U.S. Eximbank not corporate welfare - GE's Immelt
General Electric Chief Executive Jeffrey Immelt on Monday defended the U.S. Export-Import Bank against charges the export-facilitating lender is corporate welfare and should be shut down.
It's not really corporate welfare to put us on the same playing field that our global competitors are on, Immelt said during a panel discussion on the future of American manufacturing with Boeing Chairman Jim McNerney and Dow Chemical Chairman Andrew Liveris.
The Export-Import Bank is facing a tough reauthorization fight in Congress.
Immelt, who also heads an outside economic advisory council for President Barack Obama, said the United States needed the nearly 80-year-old bank to compete against the European Union and China in global markets for aircraft and other products.
If you're trying to sell a Boeing 737 MAX with GE engines in Africa, you've got (to compete against) a fully subsidized European superstructure and Chinese bank financing ... I think things like Exim are ways that we can level the playing field, Immelt said.
The conservative Republican group, Club for Growth, which is influential with members of the Tea Party movement, has called on Congress to kill Eximbank, which provides direct loans, credit guarantees and other financial instruments to support U.S. exports.
The Export-Import Bank is a prime example of corporate welfare that should have been eliminated years ago, Club for Growth President Chris Chocola said on January 31. By picking winners and losers, politicians and bureaucrats are distorting trade flows. It's time to end the Eximbank for good.
The bank has played an increasing role in supporting U.S. exports since Obama took office.
That's largely due to the lingering effects of the global financial crisis, which dried up other sources of export financing. But Obama's goal of doubling exports in five years has also increased the bank's activity.
After two back-to-back record years, Eximbank's total credit exposure is now more than $90 billion, close to the $100 billion limit set by Congress.

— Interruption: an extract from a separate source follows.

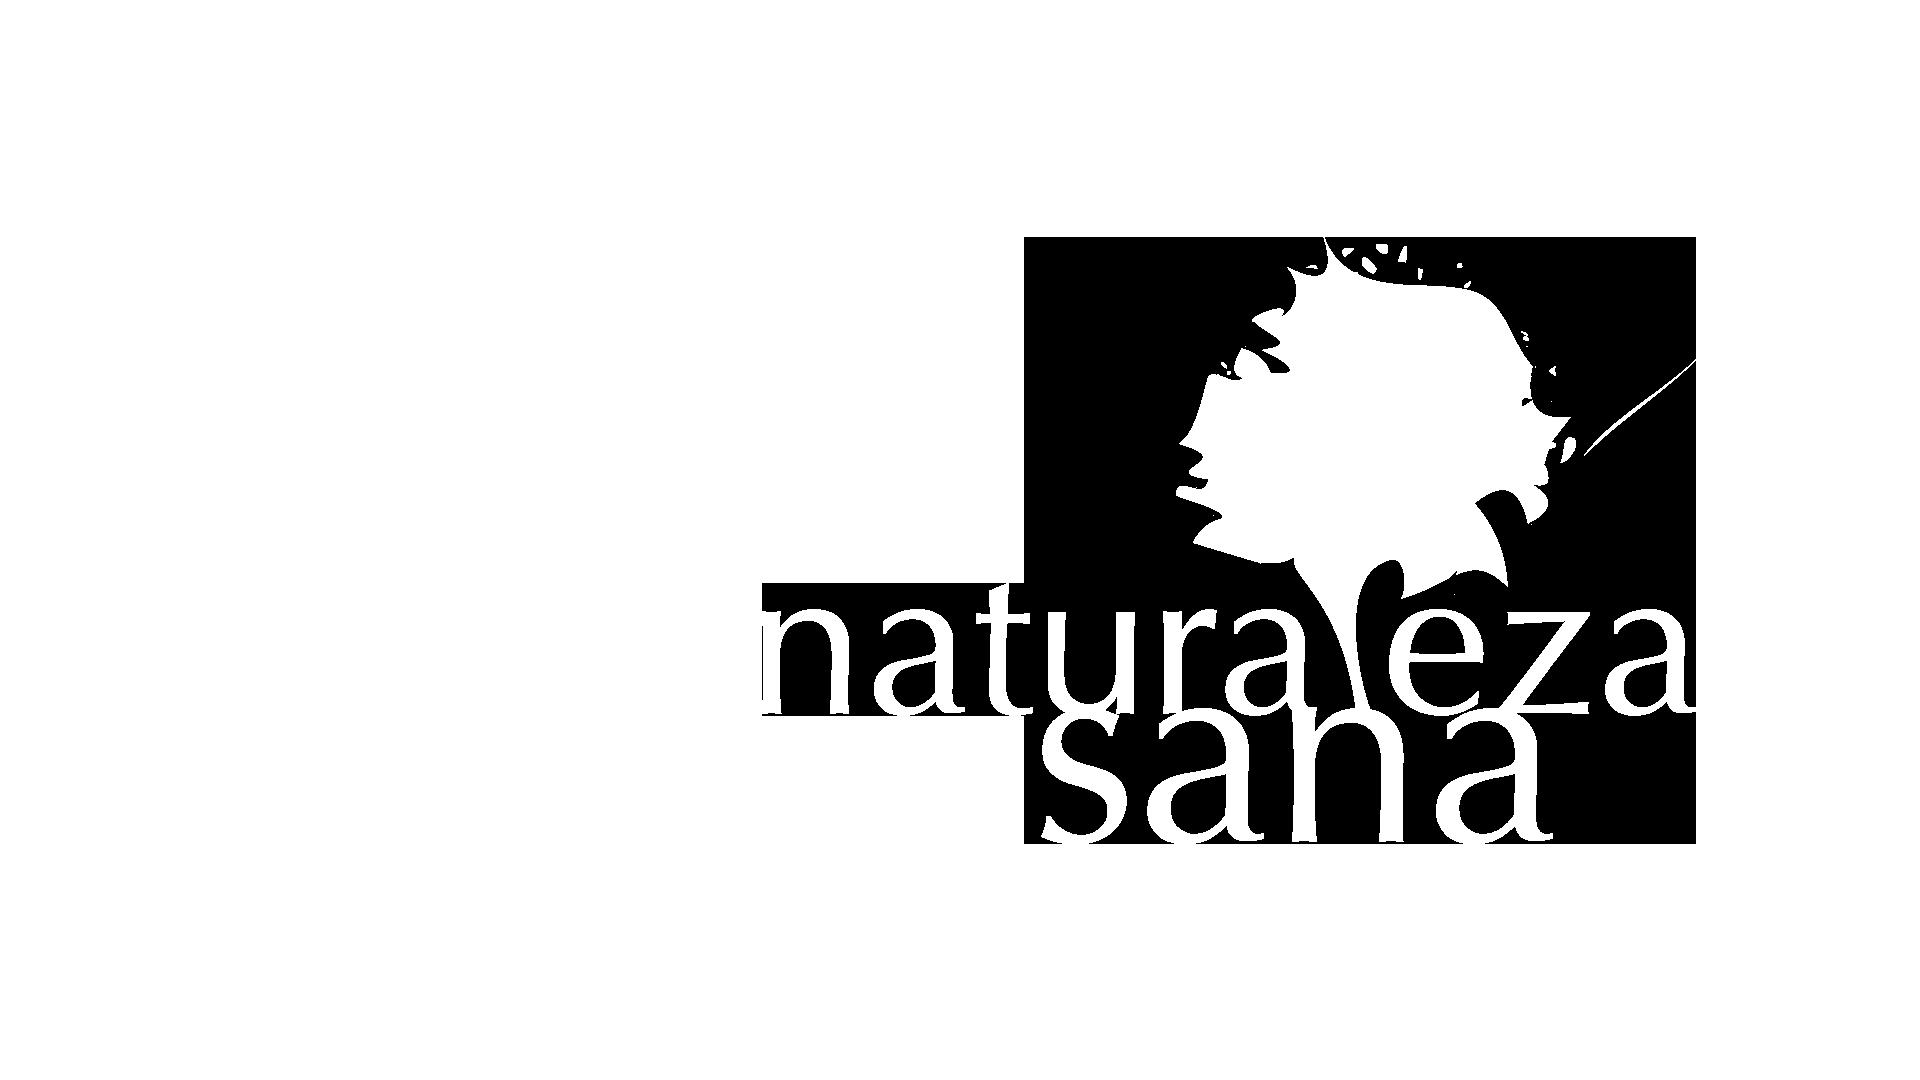 Naturaleza-Sana-Herbolarios-Parafarmacia-Santa-Cruz-de-Tenerife-OverHeaderLogo02
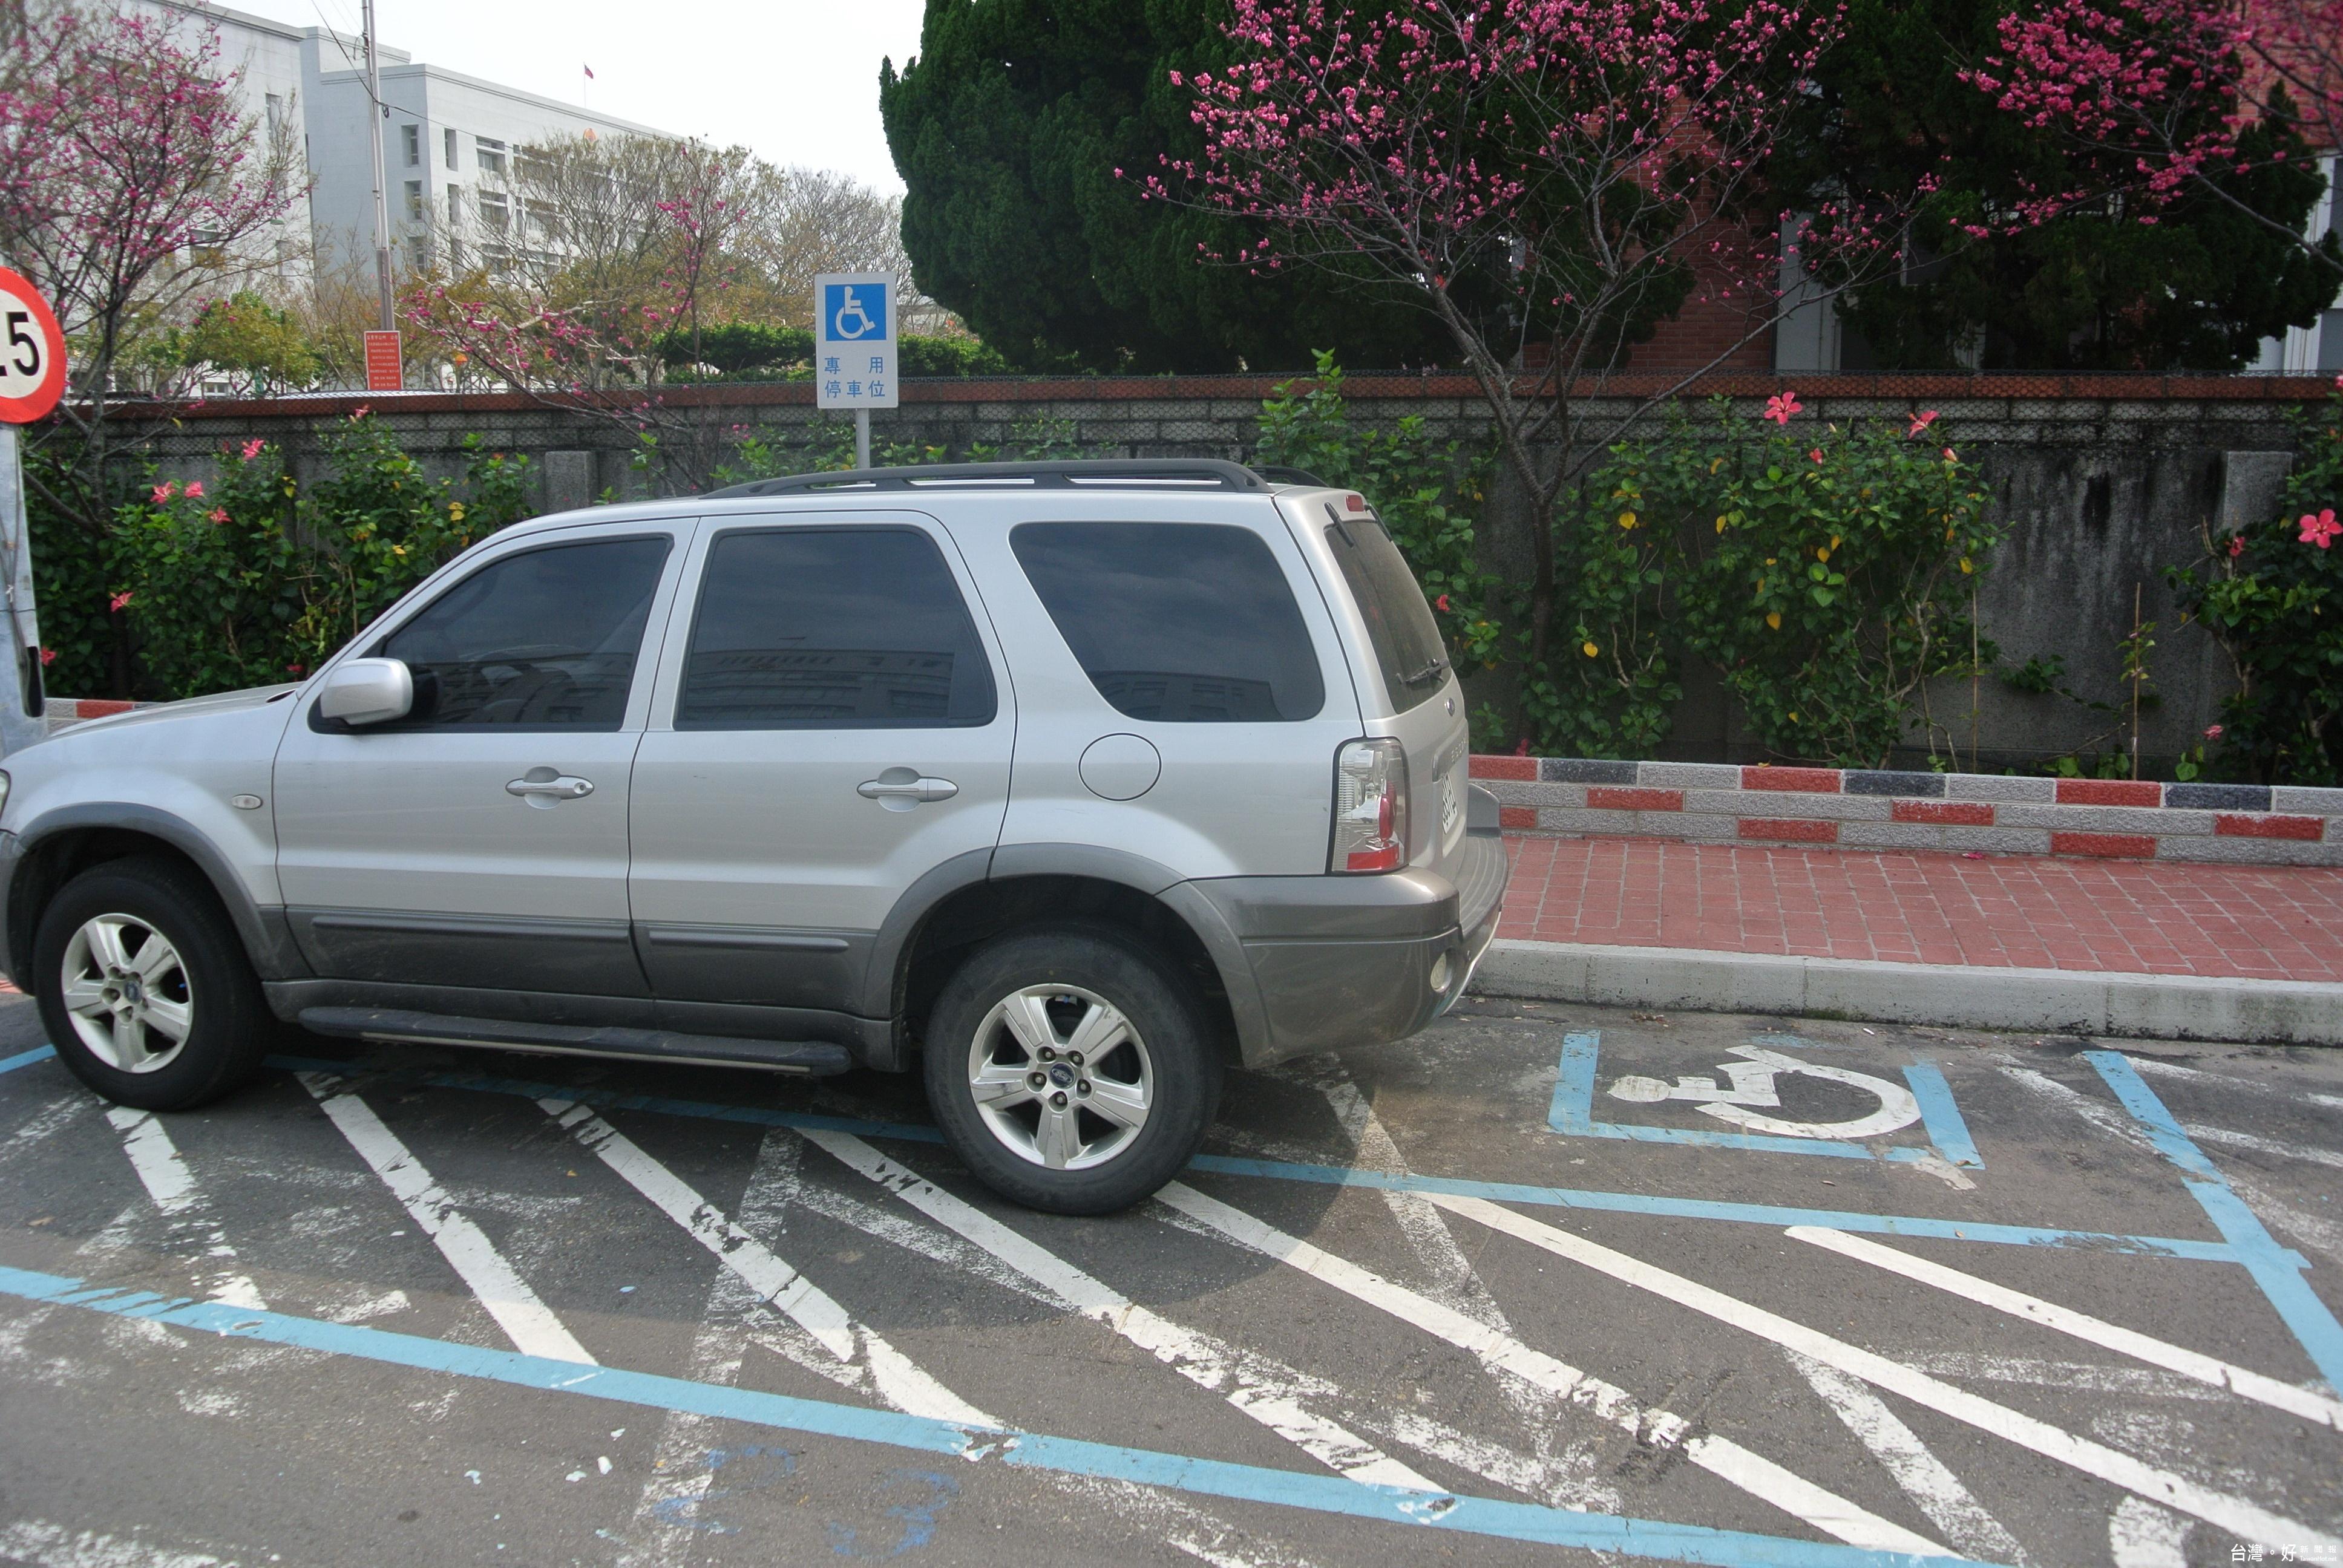 身障停車格遭佔用 苗栗取締113件違規

Some lawmakers want to increase the exposure cap to around $135 billion as part of the bank's proposed reauthorization.
In a letter last week to congressional leaders, the National Association of Manufacturers said it was vital that Eximbank be reauthorized for four more years before its current short-term extension expires on May 31.
The Eximbank is the only tool American manufacturers have to counter the huge sums of export financing - many hundreds of billions of dollars - that other governments provide their exporters, NAM Vice President Frank Vargo said. If American manufacturers lose access to the Eximbank, our ability to compete globally will be severely curtailed.
(Reporting By Doug Palmer; Editing by Cynthia Osterman)
(This story corrects company name in headline to GE from GM)
© Copyright Thomson Reuters 2024. All rights reserved.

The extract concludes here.